Virtual sensing is the art of measuring a quantity at a certain spatial position without having a physical sensor placed at that exact same position. In practical applications, this technique is sometimes very useful, when it is not feasible to put the sensor at the position where the physical quantity should be measured. For example, a virtual microphone could be considered in the following scenario: The sound level, preliminary school environment, should be studied at the different students head positions. In order to get statistical relevant data, the measurement has to be carried out over a period of time. However, it is not a feasible approach to use a large number of microphones hanging from the ceiling at the students head level, over a longer period of time for obvious reasons. One thoughtful solution, in such a situation is to put microphones at the walls and close to the ceiling and using the virtual technique to calculate the noise level at the students head positions based on the measure data. An advantage in such large setup is that it often requires less physical sensors than the number of virtual measurement positions and at the same time features a better validation and sanity check of the data. The most popular application areas for virtual microphones are in active noise control (ANC) or active structural acoustic control (ASAC), where the aim is to move the zone of quietness away from the physical error microphones to the desired location of maximum attenuation. However, there is an important difference between virtual sensing for active control and virtual sensing for a pure measurement situation concerning the delays introduced by virtual sensing technique.
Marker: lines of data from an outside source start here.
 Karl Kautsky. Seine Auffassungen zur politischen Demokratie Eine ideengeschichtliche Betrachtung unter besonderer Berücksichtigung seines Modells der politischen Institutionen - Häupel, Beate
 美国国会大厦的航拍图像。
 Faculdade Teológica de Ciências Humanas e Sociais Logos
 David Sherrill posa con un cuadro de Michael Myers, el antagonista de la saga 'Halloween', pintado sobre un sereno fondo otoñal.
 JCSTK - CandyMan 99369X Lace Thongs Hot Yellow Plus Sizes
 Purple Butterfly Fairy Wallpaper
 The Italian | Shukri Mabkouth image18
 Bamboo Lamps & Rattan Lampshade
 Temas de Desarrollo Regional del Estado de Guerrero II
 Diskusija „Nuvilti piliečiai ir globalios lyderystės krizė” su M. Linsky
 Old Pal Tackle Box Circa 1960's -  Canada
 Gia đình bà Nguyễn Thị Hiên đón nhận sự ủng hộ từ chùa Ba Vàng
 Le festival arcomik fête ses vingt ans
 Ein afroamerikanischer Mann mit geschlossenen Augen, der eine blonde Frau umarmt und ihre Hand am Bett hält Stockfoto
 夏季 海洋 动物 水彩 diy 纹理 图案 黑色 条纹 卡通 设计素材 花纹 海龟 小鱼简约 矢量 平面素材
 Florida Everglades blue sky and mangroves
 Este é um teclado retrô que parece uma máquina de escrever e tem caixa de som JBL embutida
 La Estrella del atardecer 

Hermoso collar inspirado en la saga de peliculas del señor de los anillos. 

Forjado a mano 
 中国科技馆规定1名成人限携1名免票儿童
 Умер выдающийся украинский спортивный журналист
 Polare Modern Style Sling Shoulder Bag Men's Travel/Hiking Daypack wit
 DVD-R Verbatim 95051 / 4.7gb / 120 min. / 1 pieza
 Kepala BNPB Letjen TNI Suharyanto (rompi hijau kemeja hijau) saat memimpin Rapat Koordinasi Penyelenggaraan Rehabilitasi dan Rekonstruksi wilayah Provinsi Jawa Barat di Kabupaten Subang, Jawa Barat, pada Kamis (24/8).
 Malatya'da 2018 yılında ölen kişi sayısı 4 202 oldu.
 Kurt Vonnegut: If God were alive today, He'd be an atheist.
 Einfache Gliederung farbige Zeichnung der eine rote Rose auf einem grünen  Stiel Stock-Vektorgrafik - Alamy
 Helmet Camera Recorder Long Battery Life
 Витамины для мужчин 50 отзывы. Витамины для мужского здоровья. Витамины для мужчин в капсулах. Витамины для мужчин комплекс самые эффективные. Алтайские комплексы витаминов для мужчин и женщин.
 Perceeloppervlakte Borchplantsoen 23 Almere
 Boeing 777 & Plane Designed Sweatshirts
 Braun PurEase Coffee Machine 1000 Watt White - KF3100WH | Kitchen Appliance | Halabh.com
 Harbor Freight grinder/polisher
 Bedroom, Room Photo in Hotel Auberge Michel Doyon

This specific thesis work deals with the calculus of all the possible paths and reflections followed by a sound wave between the source and a given destination point, by using virtual transducers in an enclosed environment where reverberation exists. The aim of this work is to determine how to calculate that impulse response in a rectangular room in which the walls have uniform reflection coefficients and there isn’t any kind of furniture inside. Besides, this project specifies a simple way to make this calculus taking into account several sources and destinations.
Developed in MATLAB, the code can be found in the second half of the thesis report.